The Gospel is both the Word in the person of Jesus and the ‘words’ needed to communicate that person and his work to a lost culture. So ‘Communication’ is of the essence of the missionary task and language is essential to it. However, Communication requires both Transmission and Reception. Without the latter, no matter how much gospel proclamation and ‘sharing’ takes place, communication doesn’t. In the (Australian) church there is often a great emphasis on transmission but little analysis as to why there is so little reception, and therefore communication.

It is as though the church persists in using an Analogue transmitter but fails to understand that no one has an Analogue receiver anymore. The general community (of Morphtopia) is not only not tuned in but increasingly can’t tune in to our gospel transmissions!

This is to a large extent due to number of problems with the language we use-

• The language comprehension level of most church services is around year 13, yet the level for an increasingly dumbing down culture is more like year 7.
• Words are becoming increasingly like a slippery bar of soap in the shower in terms of grasping their meaning. For example, we cannot assume that our ‘Truth’ statements, once accepted without question, will be received as such. It is now necessary not just to assume a word’s meaning but in in many cases the need is to argue for and justify that meaning.

For example, imagine a box labelled ‘Marriage’. Up to 15 or so years ago if that box was opened the universal expectation was that inside we would find a man and a woman. Now the opening of the box labelled ‘marriage’ can reveal any combination of genders (in the western world anyway), and no doubt before long a multiplicity of persons in any combination.
• Marshall McLuhan’s ‘The Medium is the Message’ statement is true in the area of gospel communication, or at least to the extent that the medium of the message conditions its accessibility.
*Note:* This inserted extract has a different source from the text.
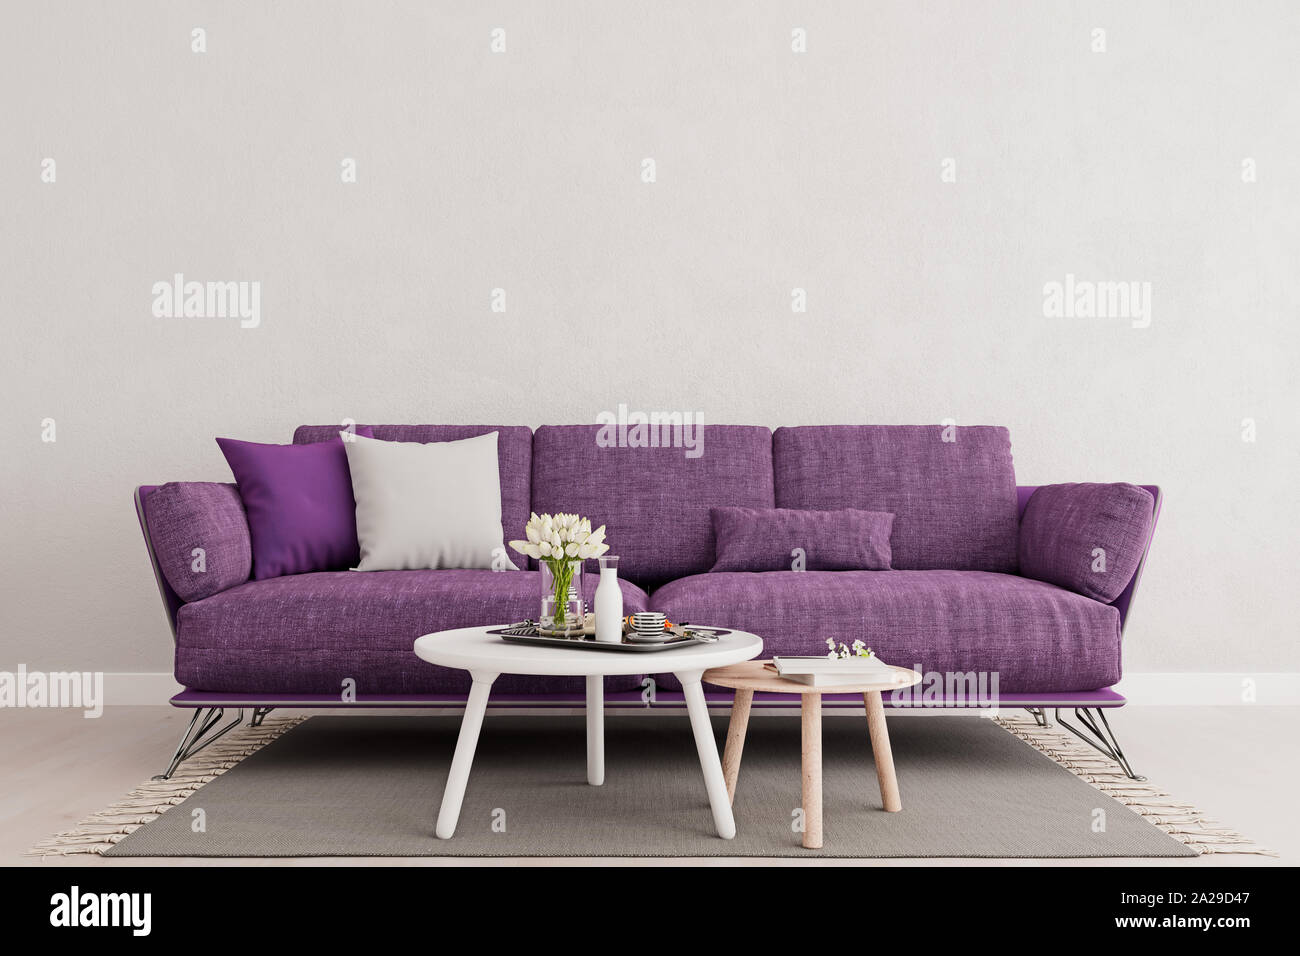 Soggiorno parete interna mock up di porpora viola divano, parete bianca e vuota con spazio libero sopra sulla parte superiore, 3D rendering 3D illustrazione Foto Stock

McLuhan’s point is that the medium influences how the message is perceived. The forms we use as vehicles of the gospel are still such as to communicate and reinforce a stereotyped and very unattractive image of what the church stands for. This then hinders the cultural accessibility of our message such that the more the church continues with its standard, 20th century forms of gospel transmission the more the cultural gap widens between it and society, and the more society’s spiritual deafness deepens.
• We must take Thomas Cranmer’s advice and learn to speak in the ‘Vulgar’ tongue to ‘Vulgar’ people, that is in the ‘street languages’ of the day to the ‘common’ people of the day. Instead we in effect say to the lost “learn our one, singular language then we can speak to you”. Problem is they won’t!
• We must learn to both think and speak in the multiplicity of thought languages of the cultural mosaic, because how people think conditions how they use and receive words, even when apparently speaking English. Yet church-speak, and the language of most church members, continues to be conditioned by one singular traditional ‘church-think’.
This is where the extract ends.